Посещение Академии художеств барон Диц обставил пышно. Он не только заготовил целую речь, в которой славил начинание северной столицы, но внес некоторые деньги в фонд помощи студентам, деньги небольшие, но директор был совершенно растроган. Сенат вот-вот должен был утвердить (это «вот-вот» могло длиться годами) проект, по которому штаб-контора должна была отпускать Академии по 3 тысячи в год. Но война смяла утверждение проекта, деньги на казенное содержание учащихся цедили жалкой, пресекающейся струйкой. На подаренные бароном Дицем деньги директор мог отремонтировать классы и даже сэкономить кое-что на покупку холстов и кистей.
То, что не мог, а может быть, не захотел сделать английский посланник, а именно представить барона Ив. Ив. Шувалову, неожиданно само собой произошло в Академии.
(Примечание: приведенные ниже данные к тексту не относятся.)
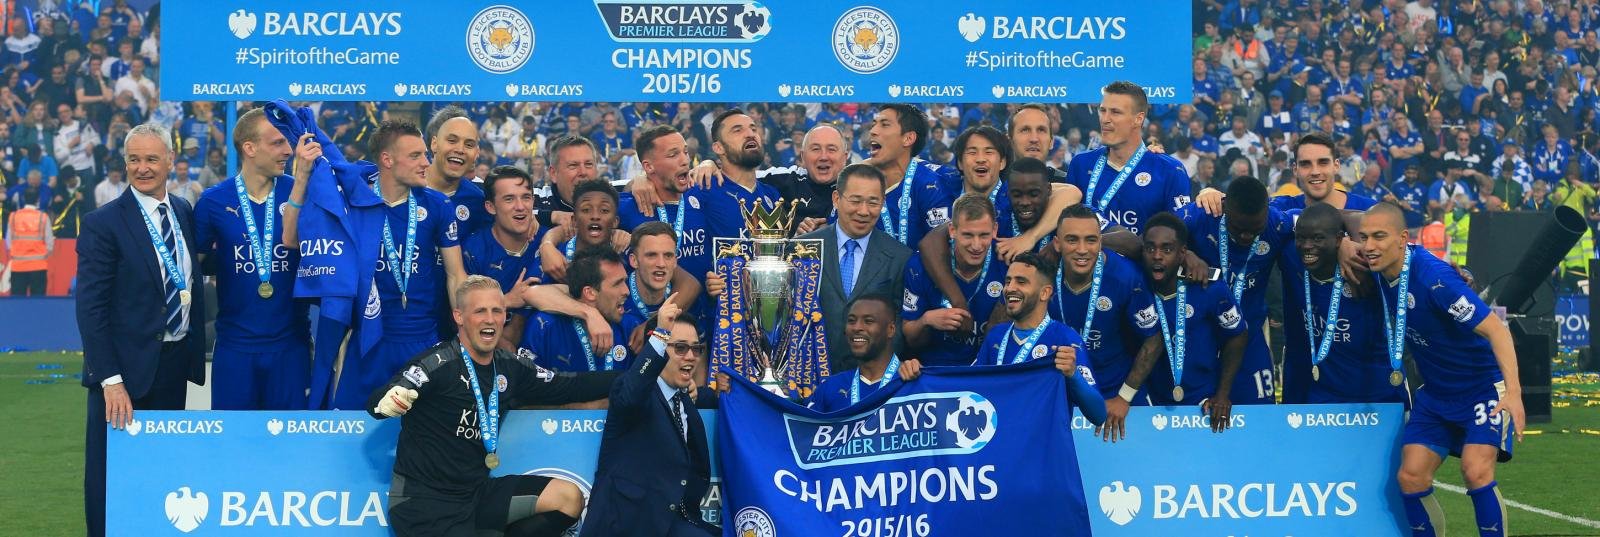 Top 5: 2016/17 Premier League title contenders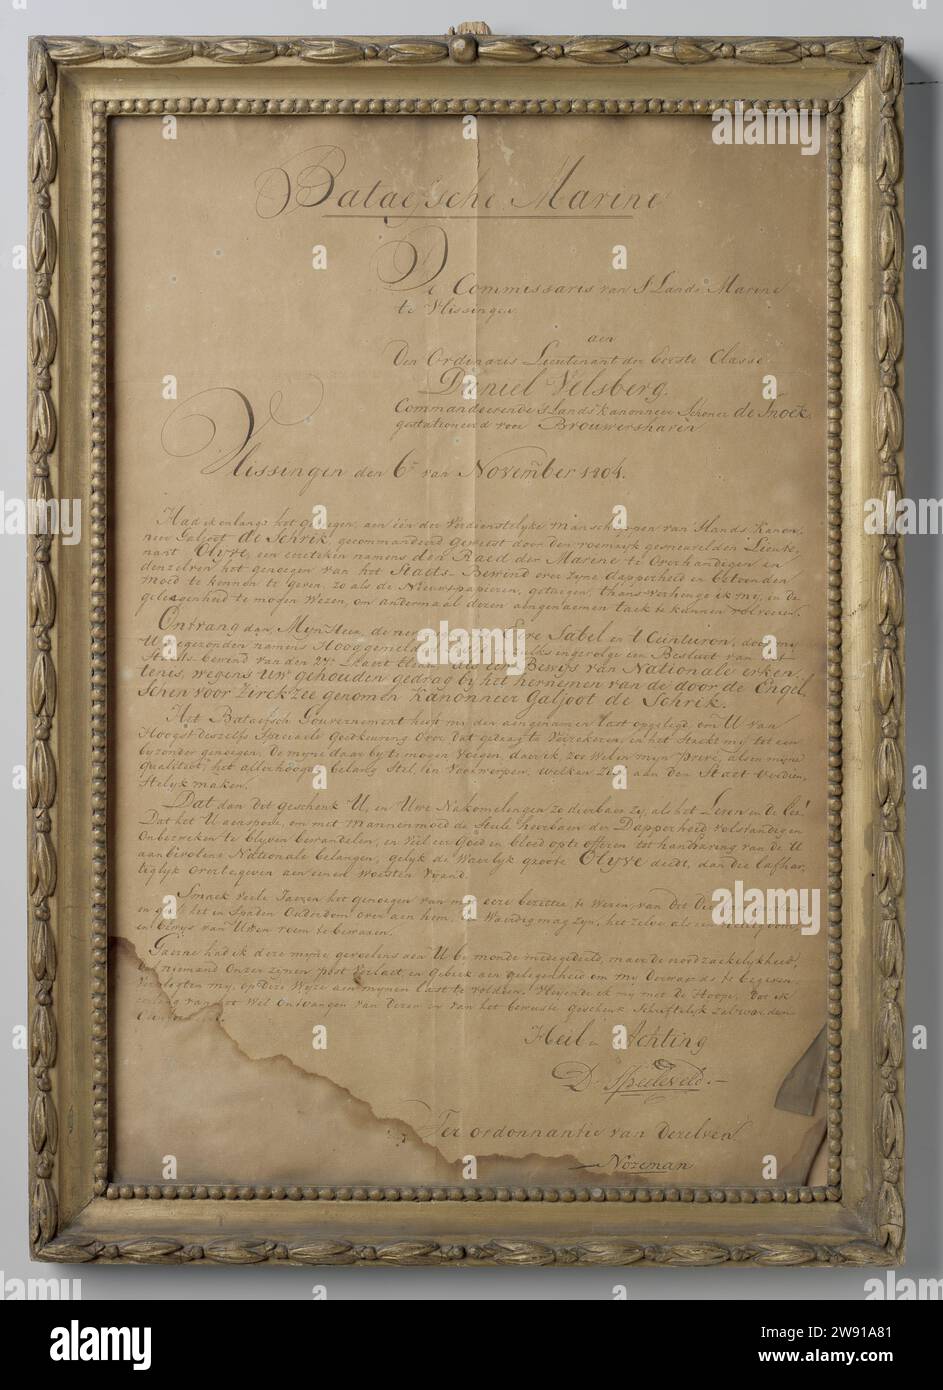 Lettera di D. Speeleveld a D. Velsberg 6 novembre 1804, D. Speeleveld, lettera del 1804, confermata su uno scaffale, in una lista dorata dietro vetro. Nella lettera, D. Speeleveld offre un'etichetta onoraria (NM-8927-A) e il Ceinturon a Daniël Velsberg per la sua riconquista del cannoniere galjoot preso dagli inglesi per Zierikzee. Speeleveld si scusa per aver dovuto farlo per lettera. Firmato: RO.: D. Speeleveld. Per ordinanza del senior./ nozeman. Datato. Iscrizione: Bataefsch Marine il Commissario della S 'Lands Marine a Vlissingen. E l'ordinaris Lieutenant der (ecc.). Ferro di risciacquo (metallo). inchiostro. w Foto Stock

Только что аттестовали первый курс учащихся, и теперь для обсуждениях текущих дел должны были собраться все академики и адъютанты. Ждали и Шувалова. Директору только оставалось назвать Дицу день сбора.
Через три дня барон опять посетил Академию, опять распустил в разговоре павлиний хвост и, закатывая глаза, говорил о живописи и скульптуре. Шувалов выслушал его серьезно, провел в свой небольшой, но великолепно обставленный кабинет. Поговорили об Италии, о Флоренции, о полотнах Леонардо и Беллини. Очень насыщенная была беседа, и хотя Иван Иванович не предложил барону посетить свой дом, мнимый меценат понял, что крючок заброшен, и если он не будет ослаблять своих мозговых и мускульных усилий, то и наживка фаворитом будет заглочена.
В Академии же у одного из адъюнктов барон узнал местожительство художника Мюллера. Оказалось, что тот давно не лепит и не пишет картин, а перешел на торговлю произведениями искусства.
— Однако я вам не советую его посещать, — добавил адъюнкт доверительно. — Bряд ли вы там приобретете что-нибудь стоящее, говоря, что Мюллер усвоил пагубную привычку русских — пьет горькую. Где водка, там нет богатства.
Вид жилья Мюллера неприятно поразил Дица. Не то чтобы длинный дом совсем напоминал лачугу, стоял он крепко и даже имел жалкий палисадник с краснеющими рябинами и рыжими цветами. Но все вокруг было слишком неопрятно. Растоптанная, осклизлая дорожка упиралась в обитую рваным войлоком дверь. Поодаль в грязи валялись кое-как порубленные, темные от дождей дрова. Одичалый одноглазый кот прыснул откуда-то из кустов. Диц от неожиданности поскользнулся, и не — будь в его руках модной трооти, он рухнул бы в эту ужасную русскую жижу.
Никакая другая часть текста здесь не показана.